2. В то же время, добиваясь максимума, то есть предоставления русскому языку статуса второго государственного, можно не получить ничего…
3. Компромиссное и вполне достижимое решение может быть связано с принятием нового закона о языках. И хотя такой закон предусматривал бы сохранение статуса государственного языка только за украинским, он должен гарантировать реализацию прав носителей русского языка…
И еще. Нельзя надеяться только на политиков…
РАССУЖДЕНИЯ С ПРИСТРАСТИЕМ
Владимир Казарин (Симферополь, Украина):
Кирилл и Мефодий совершили свой высочайший подвиг, потому что были убеждены в праве каждого народа обратиться к Богу на своем языке. Братья выступили против господствовавшей тогда официальной «трехъязычной доктрины», согласно которой христианство могло проповедовать Божье слово только на священных языках – древнееврейском, древнегреческом и латыни. Если бы не они, языки славян ждала бы совершенно иная историческая судьба.
В «Житии» Кирилла герой отвечает своим хулителям, устроившим над ним судилище в Венеции за то, что он создал славянскую азбуку: «Не идет ли дождь от Бога равно на всех, не сияет ли для всех солнце, не равно ли все мы вдыхаем воздух? Как же вы не стыдитесь лишь три языка признавать, а прочим всем народам и племенам велите быть слепыми и глухими?»…
Смысл труда Кирилла и Мефодия был в том, чтобы сохранить земные языки. Они понимали, что язык каждого народа есть, как сегодня принято выражаться, код национальной культуры. Не со смертью человека умирает культура его народа, а со смертью языка. Например, когда шотландцы сравнительно недавно возродили кельтский язык, они, в известном смысле, вернули из небытия кельтскую культуру. Сегодня подвиг Кирилла и Мефодия обращен, в том числе, и к Украине – с ее безумным, со стороны некоторых политиков, стремлением поддерживать украинский язык в противовес всем остальным.

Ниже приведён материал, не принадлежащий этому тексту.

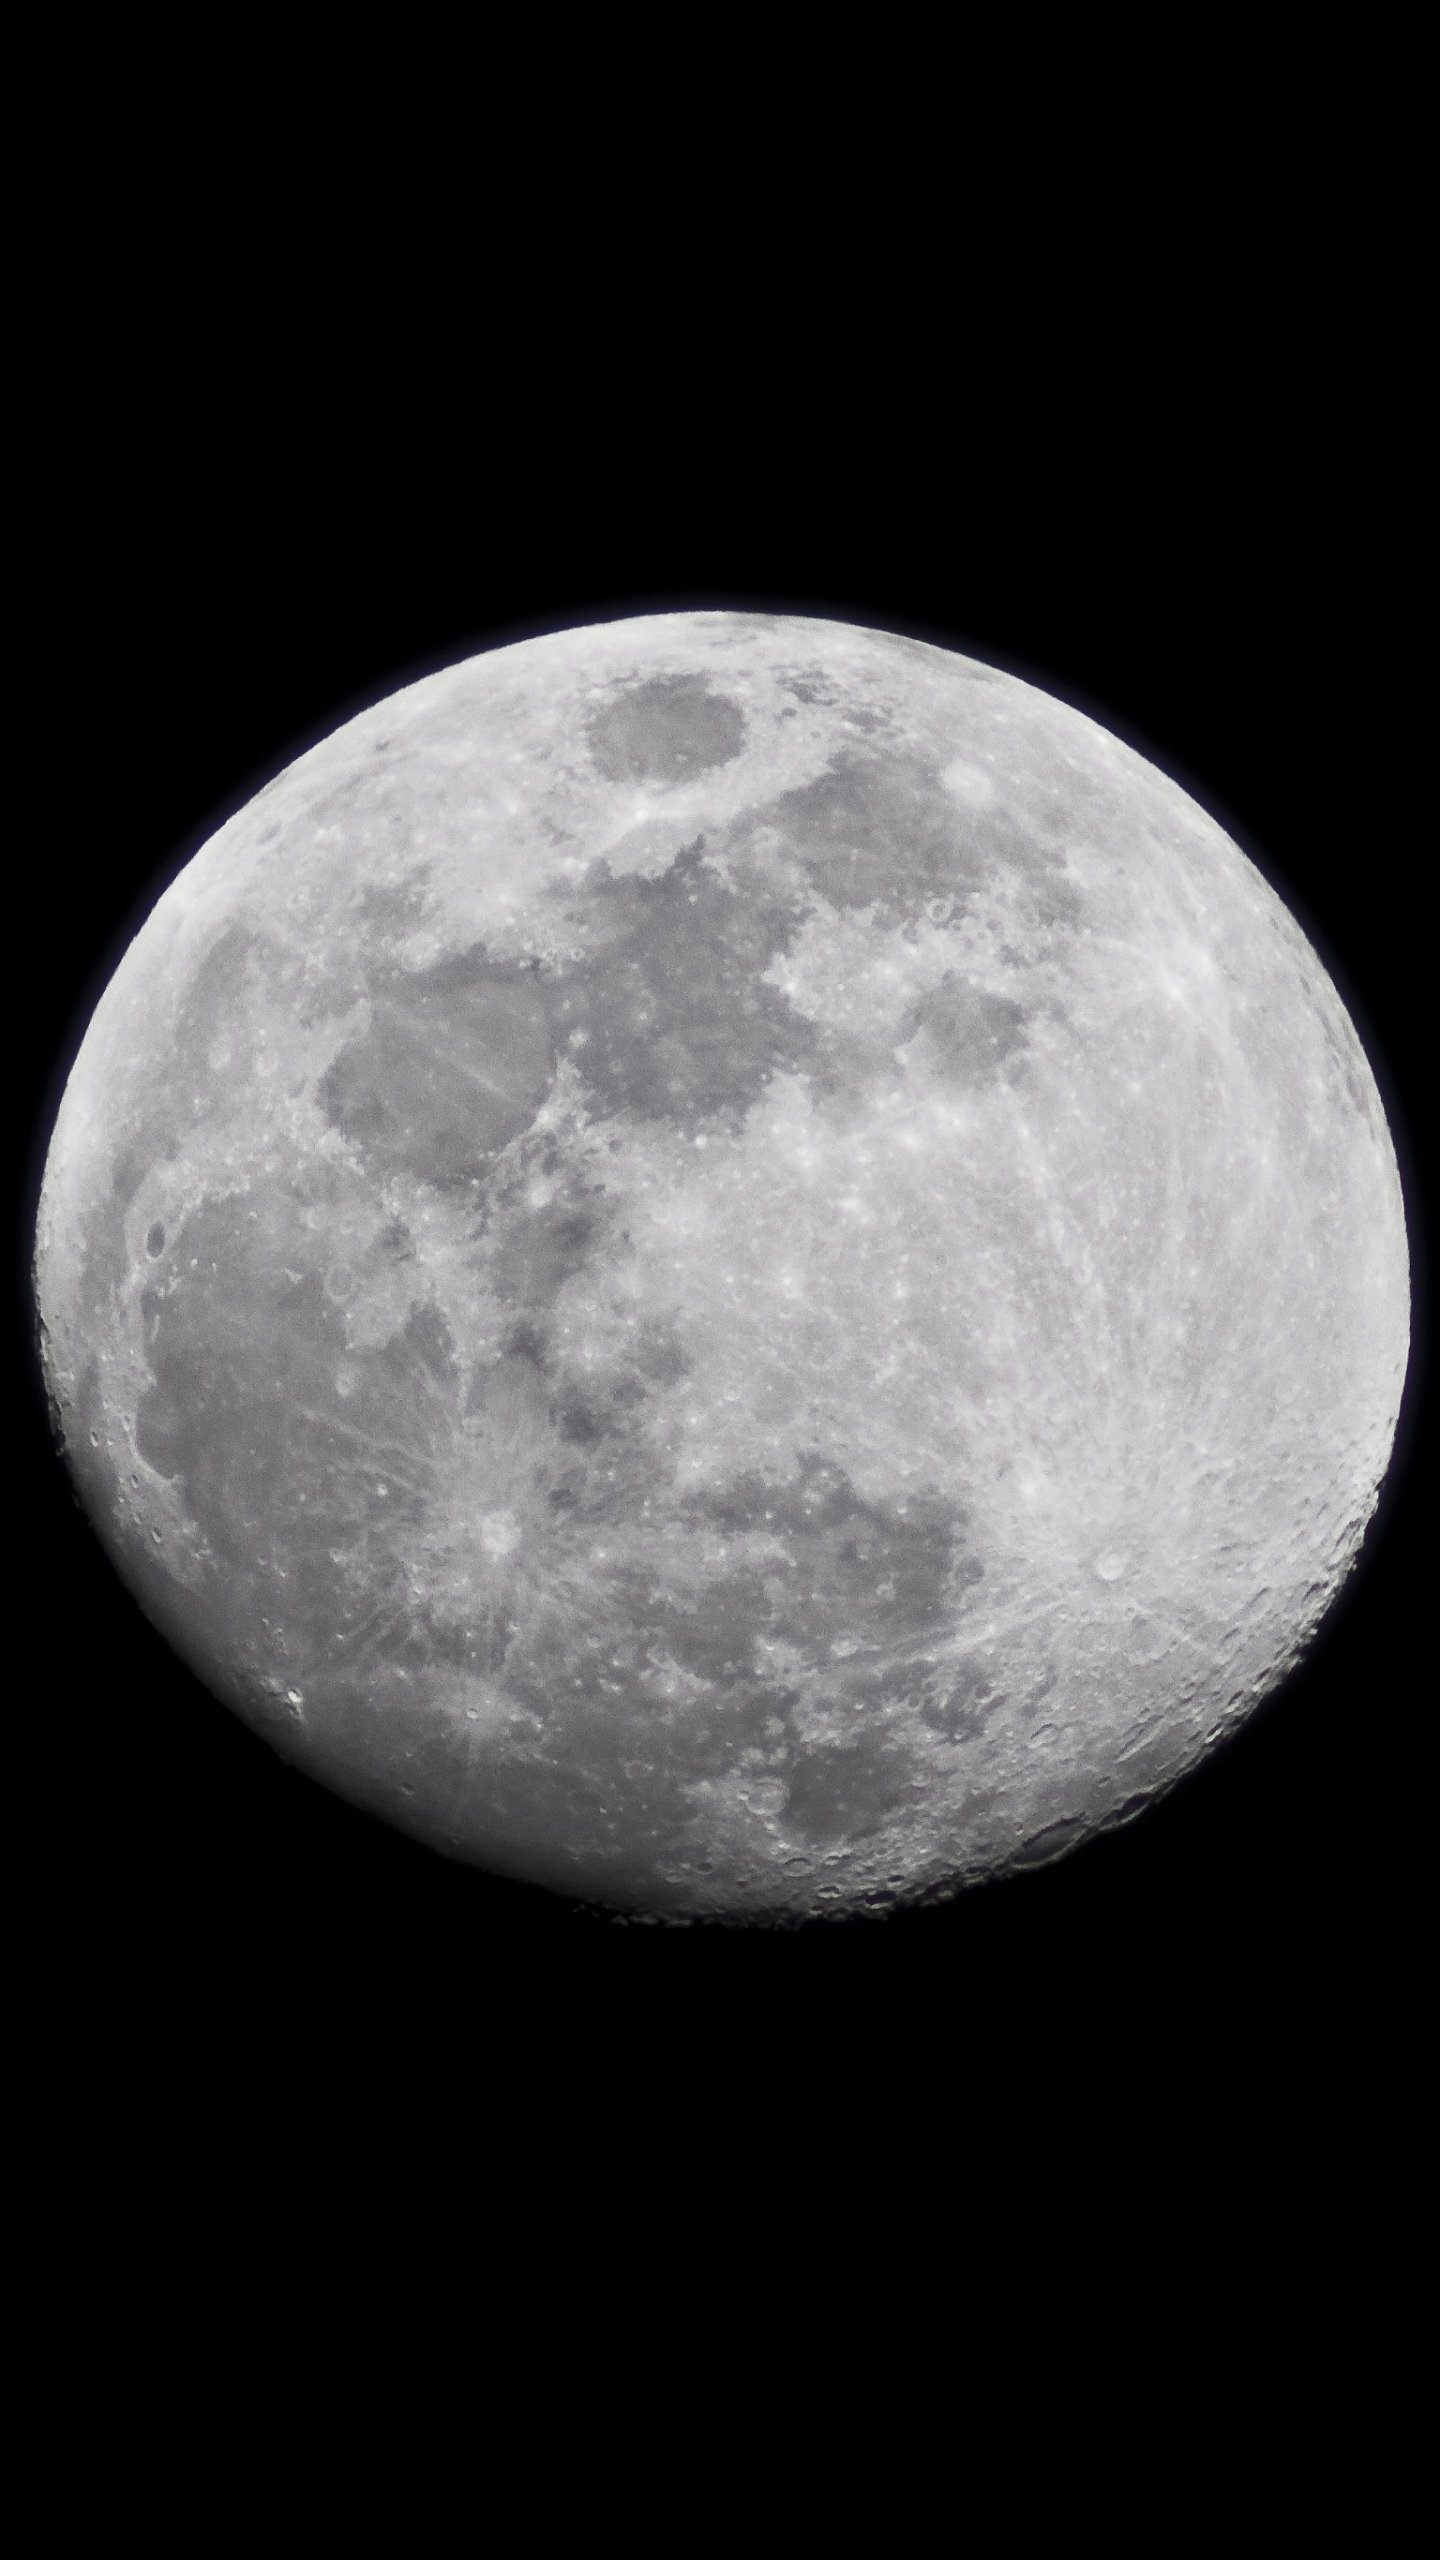 fond d'écran lune,lune,photographier,objet astronomique,photographie monochrome,noir et blanc

Во-первых, это грубое поругание самого украинского языка, который, являясь великим представителем славянских языков, конечно же, никоим образом не «поддерживает», фигурально выражаясь, такую «политику». Украинский язык не может быть согласным с тем, чтобы его благополучие строилось не неблагополучии других славянских и неславянских языков. Такое могут придумать только люди, но не языки. Языки друг с другом не воюют.
Во-вторых, смысл подвига Кирилла и Мефодия – спасать все языки вместе, так как ни один из языков сам по себе не сможет сохраниться. Те чиновники, которые сегодня «запретительным» образом, с позволения сказать, «заботятся» об украинском языке, подобны садовнику, который решил, что у дерева надо оставить один, самый длинный корень, а все остальные корни и корешки следует обрубить, чтобы не мешали. Ясно, что дерево у такого «садовника» жить не будет…

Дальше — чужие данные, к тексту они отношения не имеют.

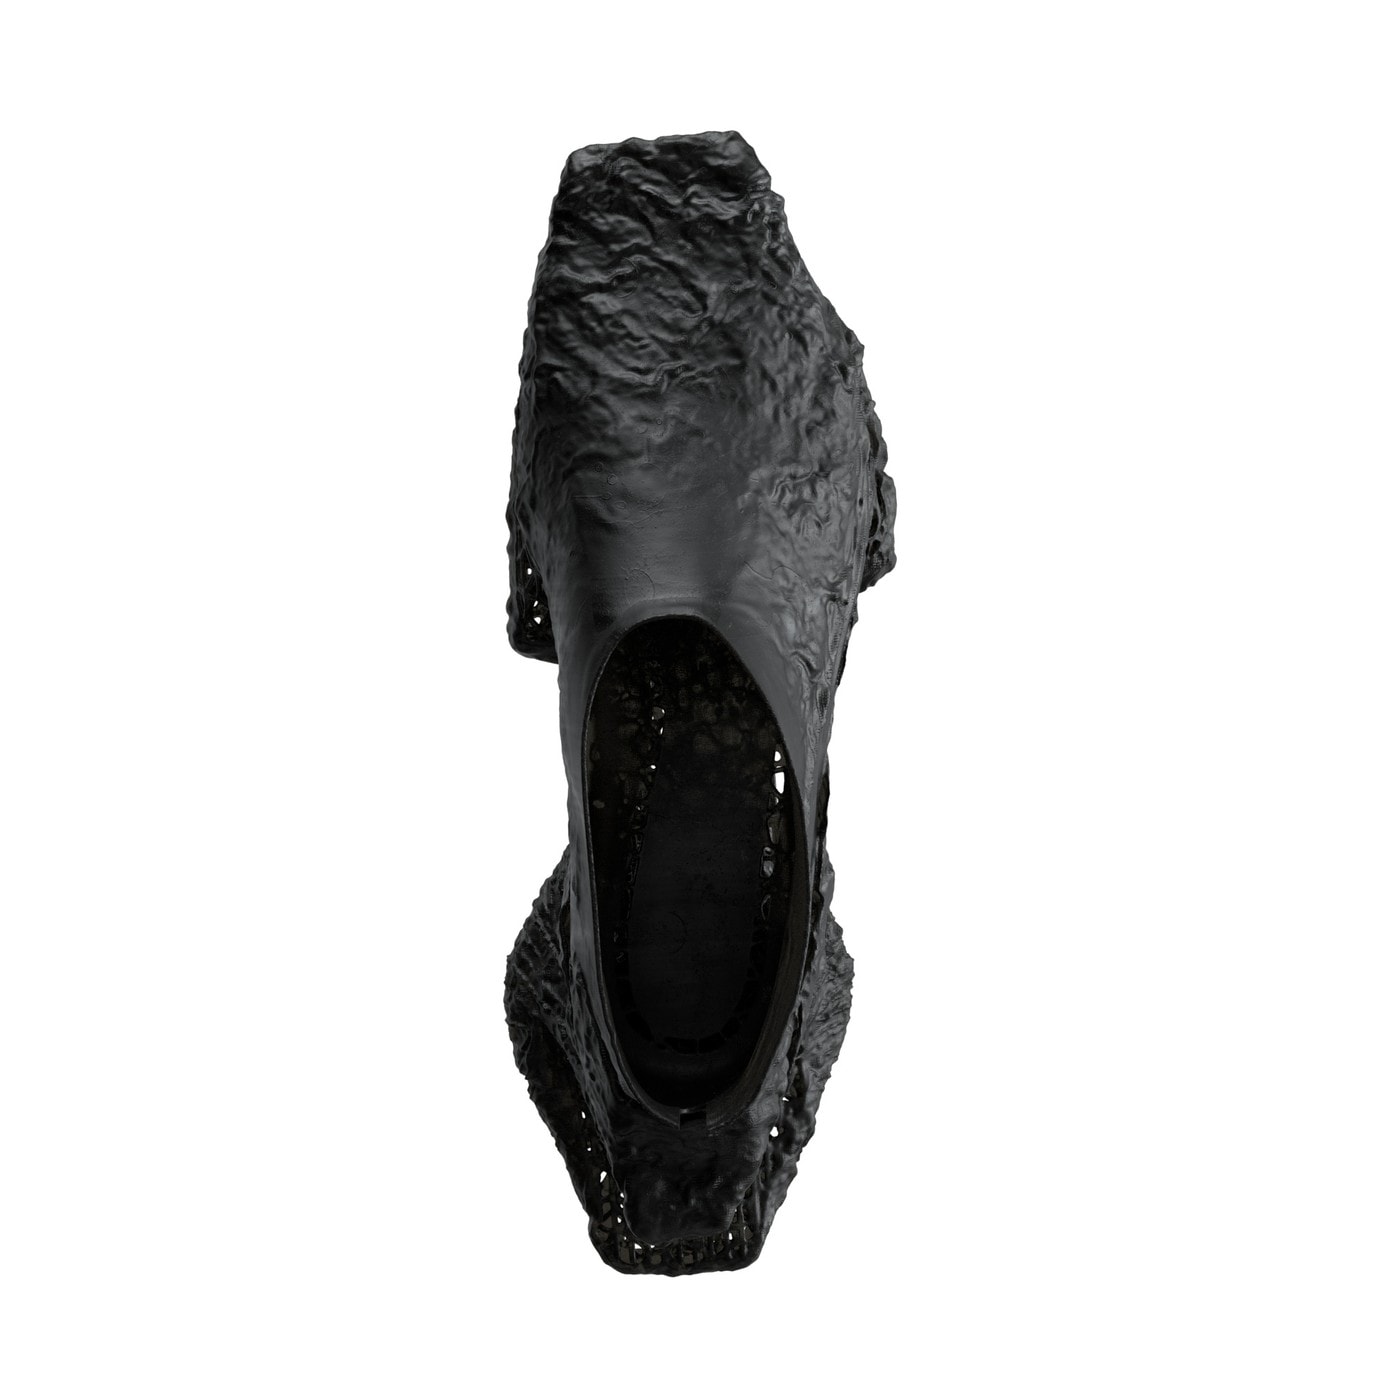 SCRY 正式發布全新 Stela Basic & Erosion 鞋款系列

Леонид Фризман (Харьков, Украина):
Реальность такова, что двуязычие, сложившееся в Украине, - это факт, который нельзя устранить и который давно пора перестать игнорировать. Сложилось это исторически. Украина, присоединенная к России Богданом Хмельницким, составляла лишь около четверти ее нынешней территории, после этого к ней присоединялись различные регионы, большая часть которых – исконно русскоязычные. Так сложились судьбы страны, нравится это кому-то или нет. Как говорили древние, сами боги не могут сделать бывшее не бывшим. Никакой трагедии в этом нет. Украина не единственная страна, в которой люди пользуются двумя языками. Таких стран много, они хорошо известны, длится это веками и принимается как должное и неизбежное.
Надо раз и навсегда отказаться от досужей болтовни или, если угодно, от иллюзии, что русский язык в Украине – это язык национального меньшинства. Это в Прибалтике на русском языке говорят русские, а латыши, литовцы и эстонцы – на своих национальных языках. В Украине русский язык – это язык большинства населения, независимо от этнической принадлежности отдельных его представителей. Известно, что 16% украинцев во время последней переписи признали своим родным языком русский, в действительности процент украинцев, которые говорят и думают по-русски, в 2-3 раза выше. Прибавьте к ним этнических русских, а также практически всех представителей других национальностей. На каком языке говорят живущие в Украине армяне, азербайджанцы, евреи, греки? То-то и оно.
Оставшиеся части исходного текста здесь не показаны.